Sunday, August 9, 2015

Musicals

Why, my soul, are you downcast? Why so disturbed within me? Put your hope in God, for I will yet praise him, my Savior and my God. (Psalm 42:11)

In addition to being a SF geek, I am also a musical theater nerd. I love to see live shows, but since that doesn’t happen very often, I do just fine with soundtracks; I can sing all the parts along with the best Broadway or West End cast, especially when I am in the car or doing some cleaning. Musical theater is traditionally seen as a happy genre - people would not be singing and dancing so much otherwise - so this article listing a number of “Surprisingly Depressing” musicals drew my attention when I came across in my Facebook news feed the other day.

First on the list, not surprisingly at all, is Rent, which is about people dying of AIDS and overdosing on heroin and living in squalid lofts. It is followed closely by Les Miserables, which, just as it says on the tin, depicts the struggles of some miserable people in 19th century Paris. Miss Saigon and its doomed love story in the middle of the Vietnam War, check. Chicago’s cast of homicidal women prisoners, yep, they’re in there too, just as you’d expect.

What I didn’t expect was to see shows like The Sound of Music or Fiddler on the Roof or Annie, all three of which appear on the list as well. While it is true, as the article reminds us, that they involve Nazis, antisemitism, and poor mistreated orphans, respectively, these are never prominent enough themes to label the musicals as blatantly depressing, unless, of course, you’re an internet writer who needs to fill in the gaps in your latest click-bait top 10 list.

It’s the music that makes it better, isn’t it? When the latest in a long line of governesses makes dresses from the drapes, covers for you instead of turning you in when you sneak in after spending time with your boyfriend in the gazebo, and teaches you and your siblings to sing while roaming around Salzburg, you know that everything will be alright even if you do have to sneak away from the Nazis in the middle of the night. When being a poor milkman in a poor Russian village is all you’ve ever known, you may sing about your wish to be a rich man but you also quite contentedly celebrate the ordinary milestones of life with your family and friends. And when you are living a hard knock life, at least you are able to sing about it as you scrub the orphanage floors with the hope that hard knocks aren’t all there is and life will get better one day.
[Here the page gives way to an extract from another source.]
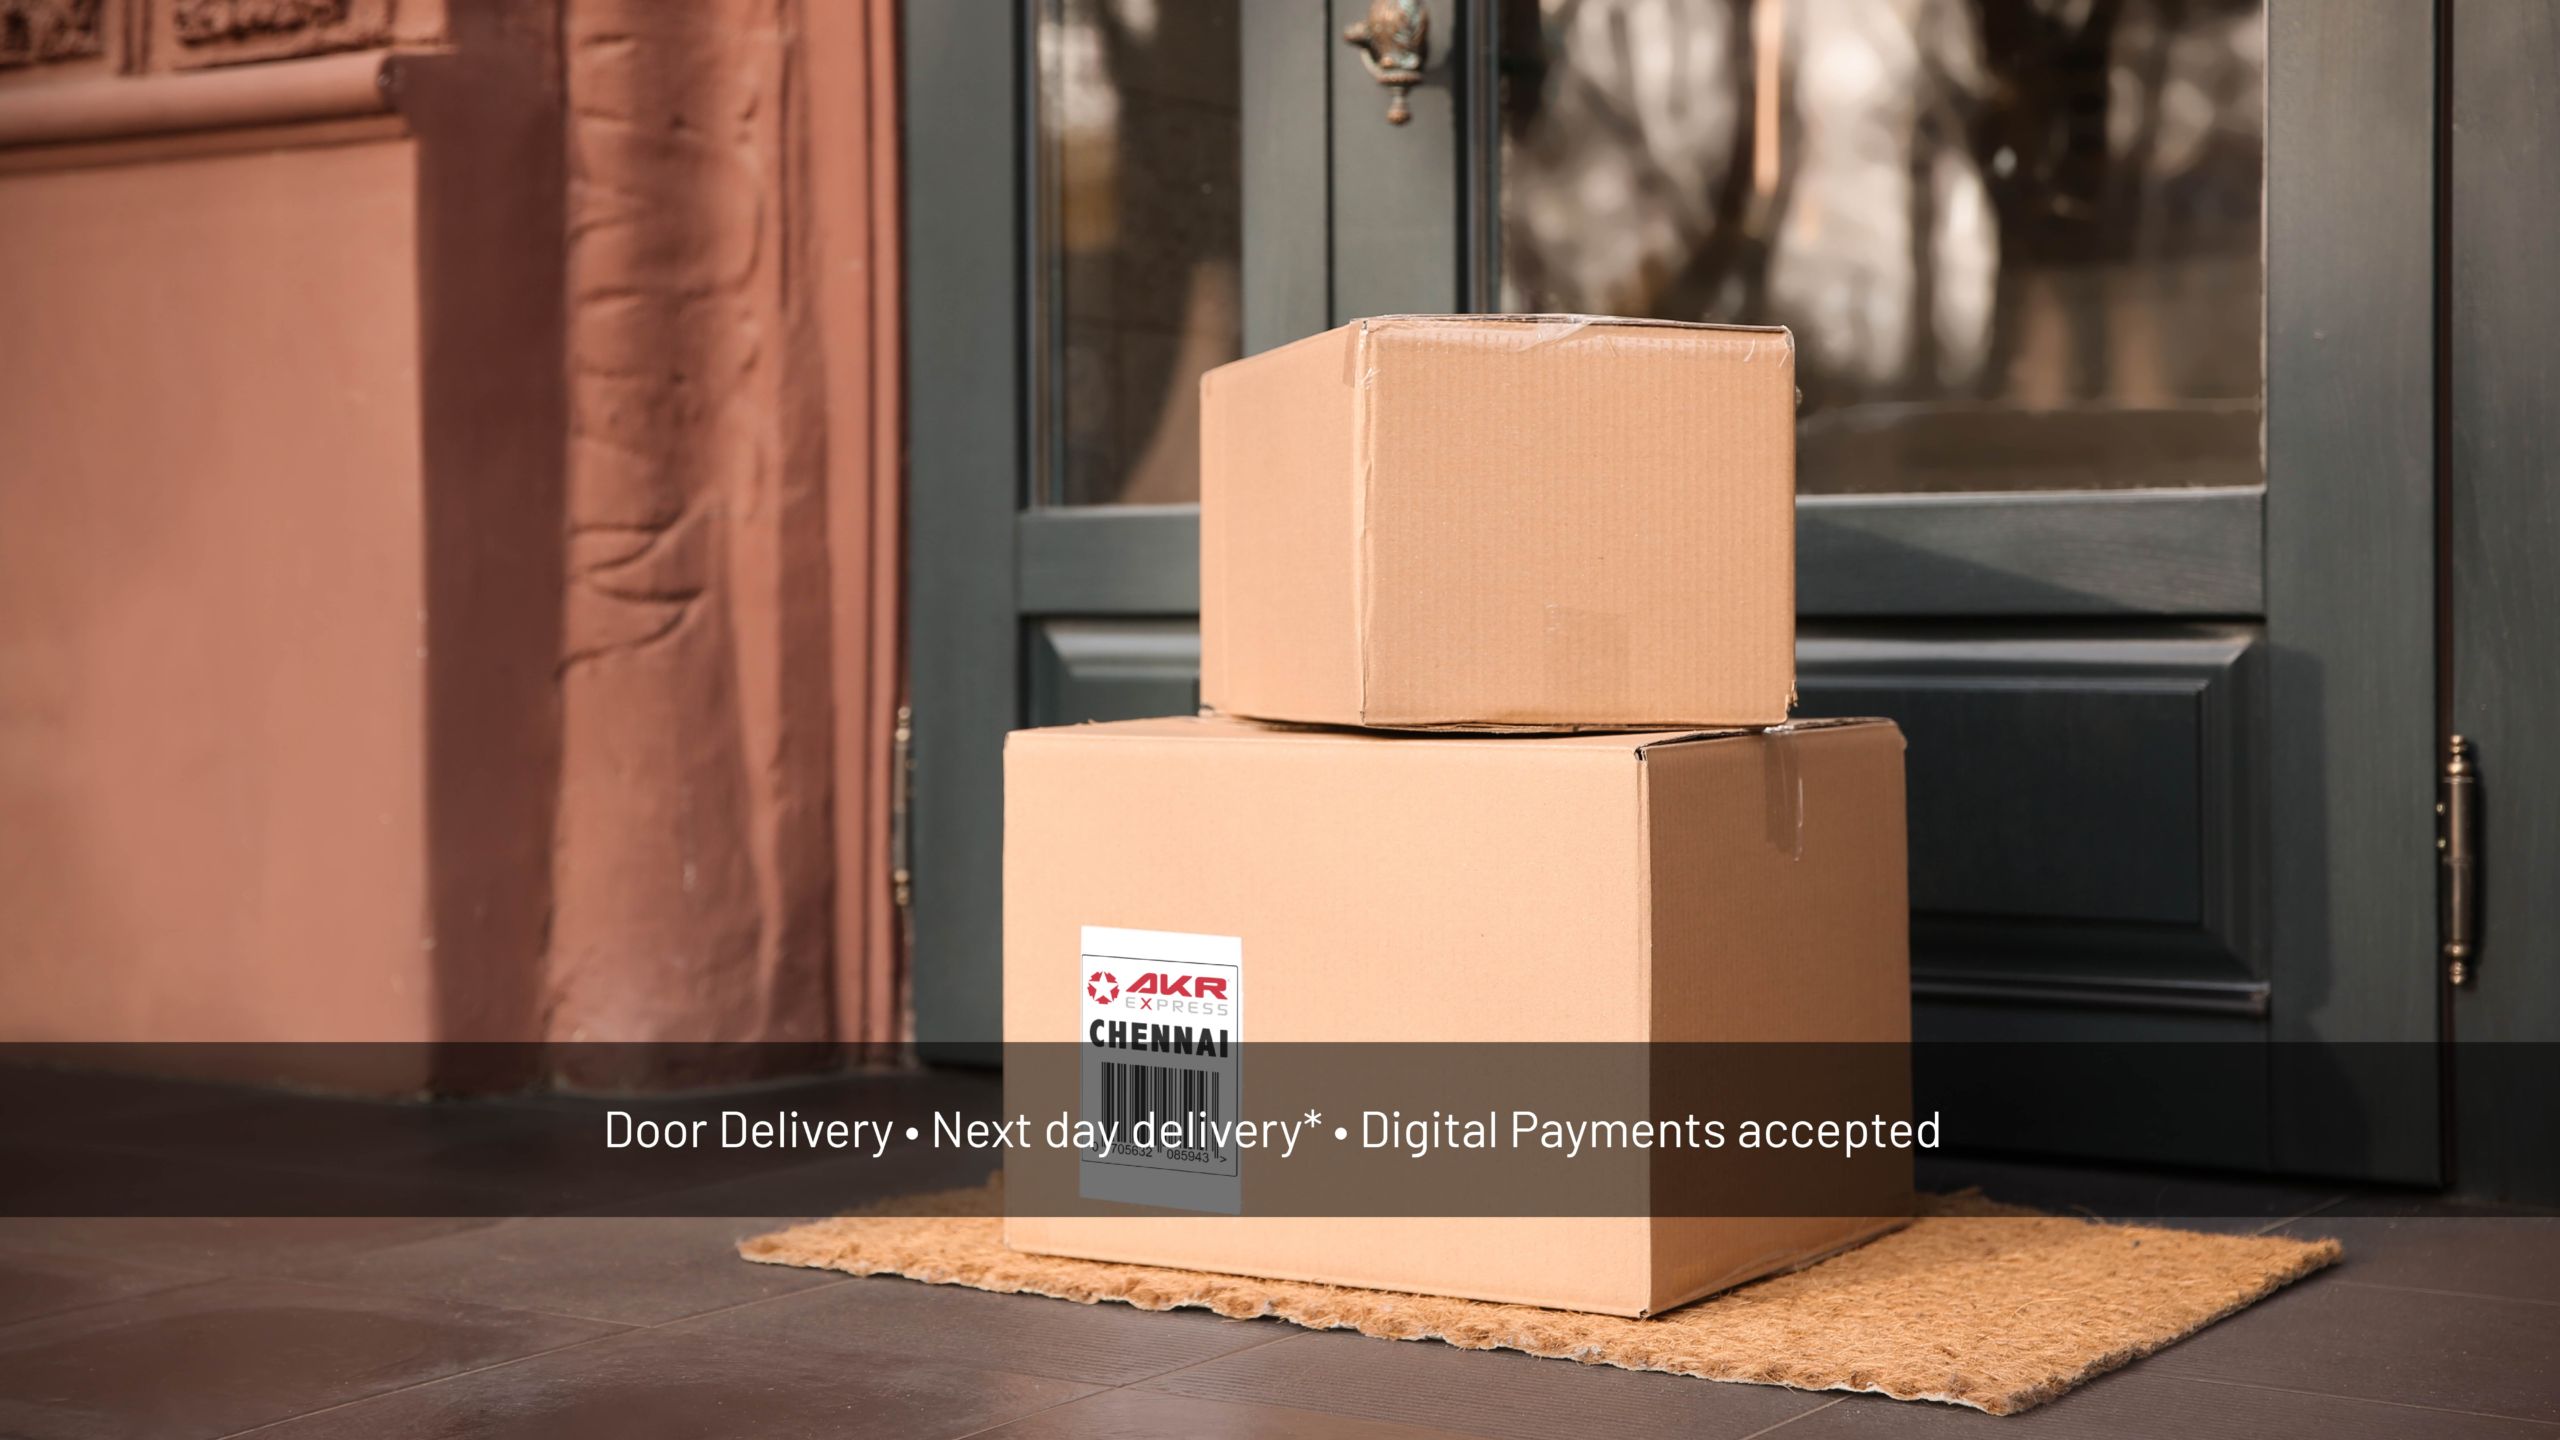 AKR Express Door Delivery and Next Day Delivery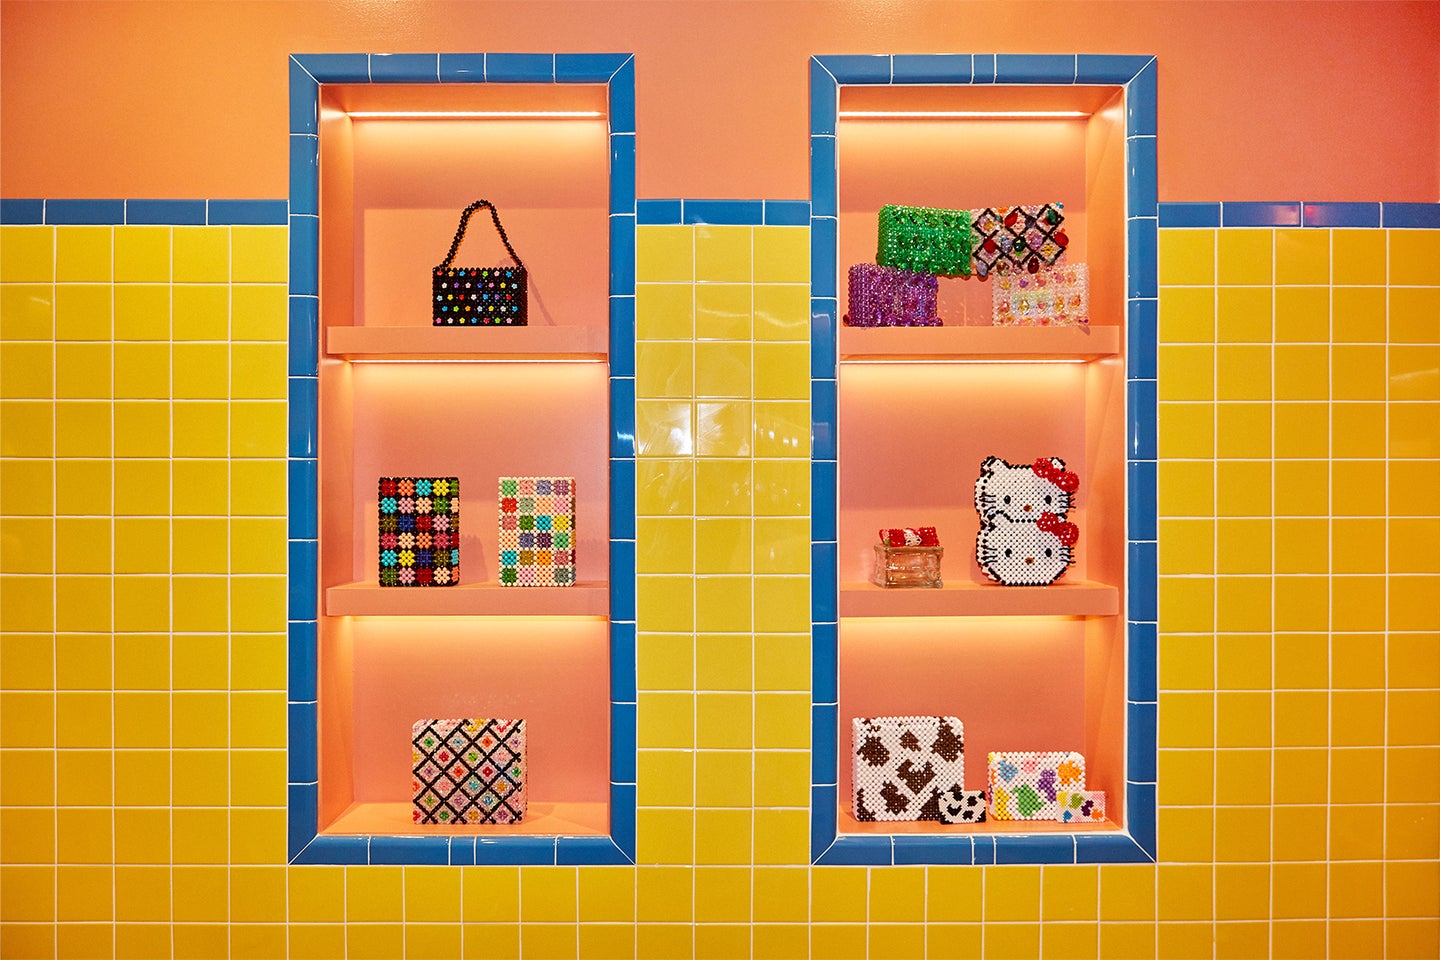 Design store interior with yellow tiles, orange shelves and walls and objects on shelves

This also holds true in the most depressing shows on the list.  The truly horrid conditions you’re living in don’t seem nearly so bad when you give your lifestyle a French name and sing about the best parts of it while dancing on a restaurant table surrounded by your friends. Likewise, the fact that you most likely won’t survive the night defending the barricade is insignificant next to the strong feelings of camaraderie and friendship between you and your compatriots as you sing with such conviction about the cause you all believe in so deeply.

It’s not a new idea, this desire to sing in order to lessen the effects of an otherwise depressing situation. In the Bible, Psalm after Psalm repeat a theme that goes something along the lines of, “I have enemies on every side and the outlook is really bad right now, but despite that I sing praises to God because I trust him and have hope that he will take care of everything.” It is a good lesson to heed, whether we take it from the Psalmist or our favorite stage actor: even when my soul is downcast and disturbed, I will yet sing, in praise my savior and God and to remind myself that life is never all bad.